People focus on victims of crimes with an emotional response to the drama of the allegations. They don't often stop to think about whether or not the “victim” is really a victim. They don't even consider the possibility that the person accused of a horrendous crime could be the real victim. But, false accusations are common. And, in courts in Denver, Adams, and El Paso County, and all across Colorado, alleged victims are coddled and believed by the media, judges, juries, and District Attorneys. Don't believe me? Let's take a look at a recent story about false accusations of kidnapping and rape in Weld County. This story takes place in the small town of Windsor, Colorado.
A Date Gone Wrong in Windsor, Colorado
This story begins like many: Two people meet and an instant attraction arises. In the case of the man in Windsor, he was smitten the moment he saw her at work. The two set up a date: They would meet in the Safeway parking lot, and then begin a fun evening of hanging out and getting to know each other. For these two young people, the evening quickly escalated. They were hanging out, and then one thing led to another and they slept together. The next day, however, the young man opened his door to find 10 armed police officers with their guns drawn. It was a presumption of guilt. He was arrested for Kidnapping and Sexual Assault. Where had the date gone wrong? The man was shocked. After all, their sexual relationship had been completely consensual. What the Colorado man didn't know was the way the criminal justice system works. He was arrested and charged. And, when it comes to crimes like rape and kidnapping, people don't stop to think you might be innocent – an accusation is enough.
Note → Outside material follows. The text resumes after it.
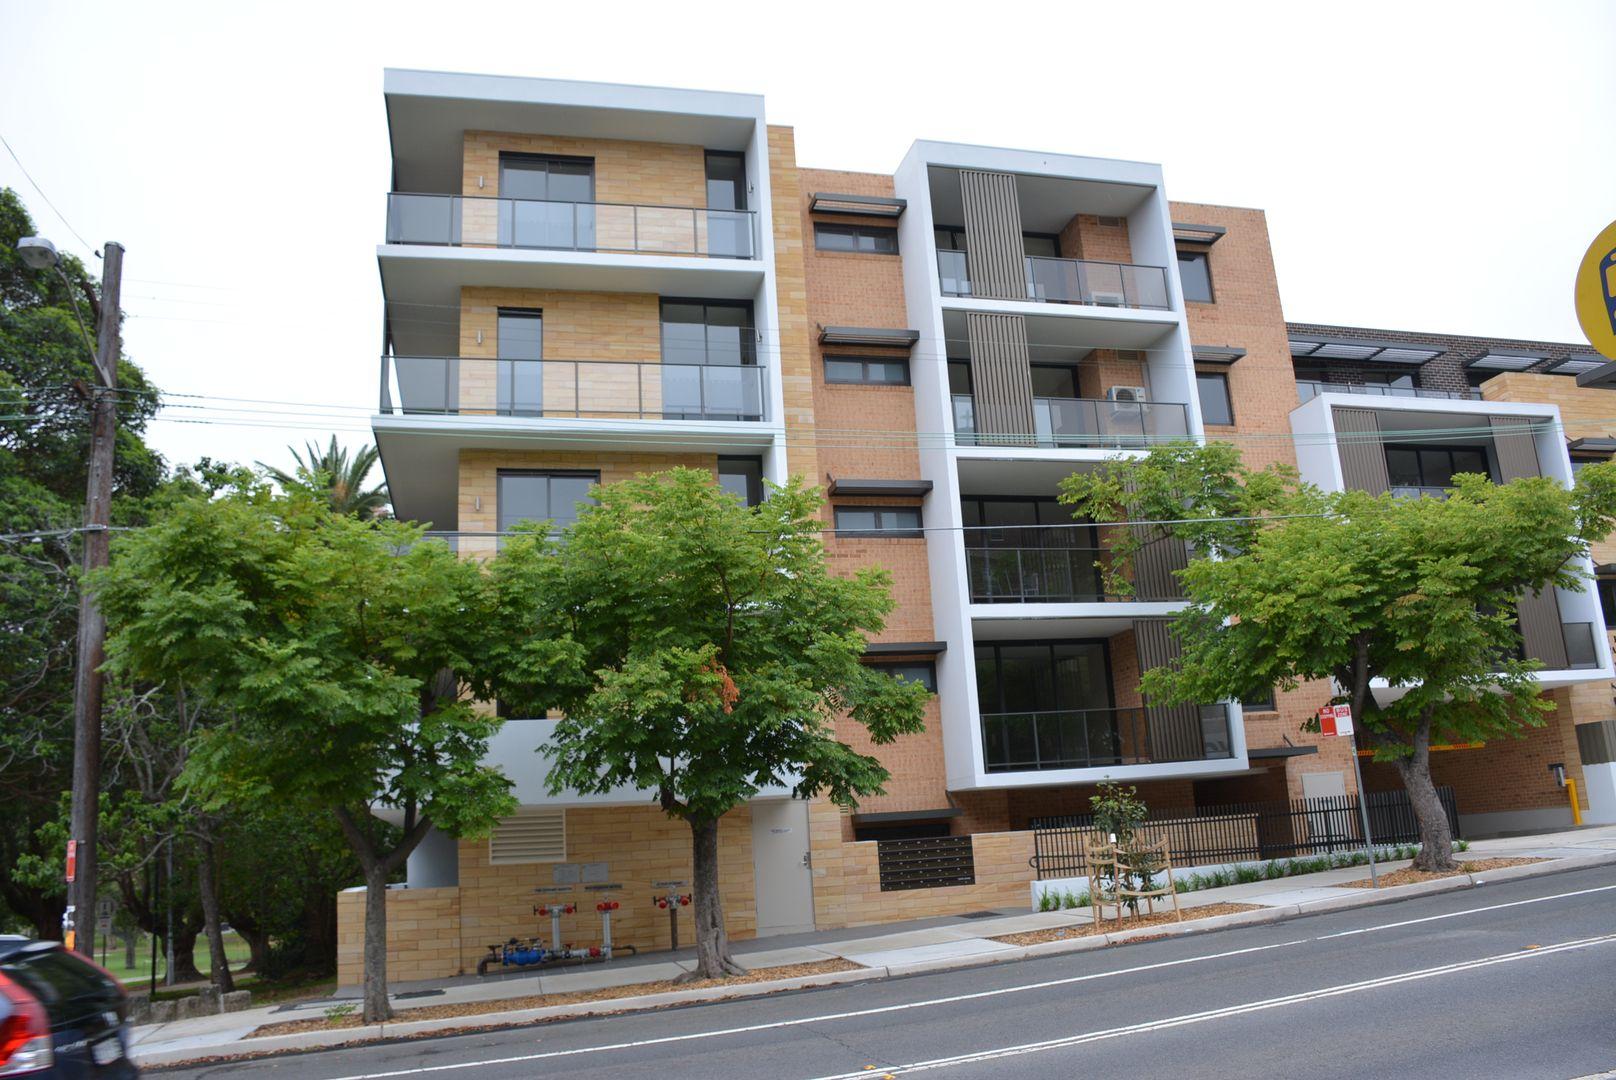 201/1-15 West  Street, Petersham NSW 2049, Image 0

Once an Accusation is Made a Reputation is Ruined
Because of the accusations, the man's life was drastically changed. He was fired from his job. His career in the military was in jeopardy. And, his name and picture were printed in the Greeley, Windsor, and Evans newspapers with the headline: “Windsor Man Arrested at Safeway” for kidnapping a woman at knifepoint, drugging her, and then taking her back to his home and raping her. That's the story the young woman told. She called the police the day after their date to tell them he had violently kidnapped her and then sexually assaulted her at his home. Everyone the young man knew read the article. In this small town, instant judgments were made. The young man's life fell apart. Eventually, the young woman's story unraveled. It was discovered that she had made the whole thing up, and then deleted text messages from her phone which proved the relationship was consensual. The charges against the young man were dropped, and serious felony charges were filed against the young woman. Even though the charges have been dropped against the man, however, it doesn't negate the damage done. He was alienated by his family, lost his job, couldn't find a job because of the charges against him, nearly lost his military career, and couldn't find an apartment to rent. At one point, he couldn't find a job, and so he couldn't afford the $30 fee for sealing his arrest record. Not to mention that if he had been convicted of the crimes he was falsely accused of, he would have spent his life in prison under an indeterminate sentence, been required to register as a sex offender, and go through sex offender treatment. He said it's been difficult to forgive the young woman who he thought was a friend.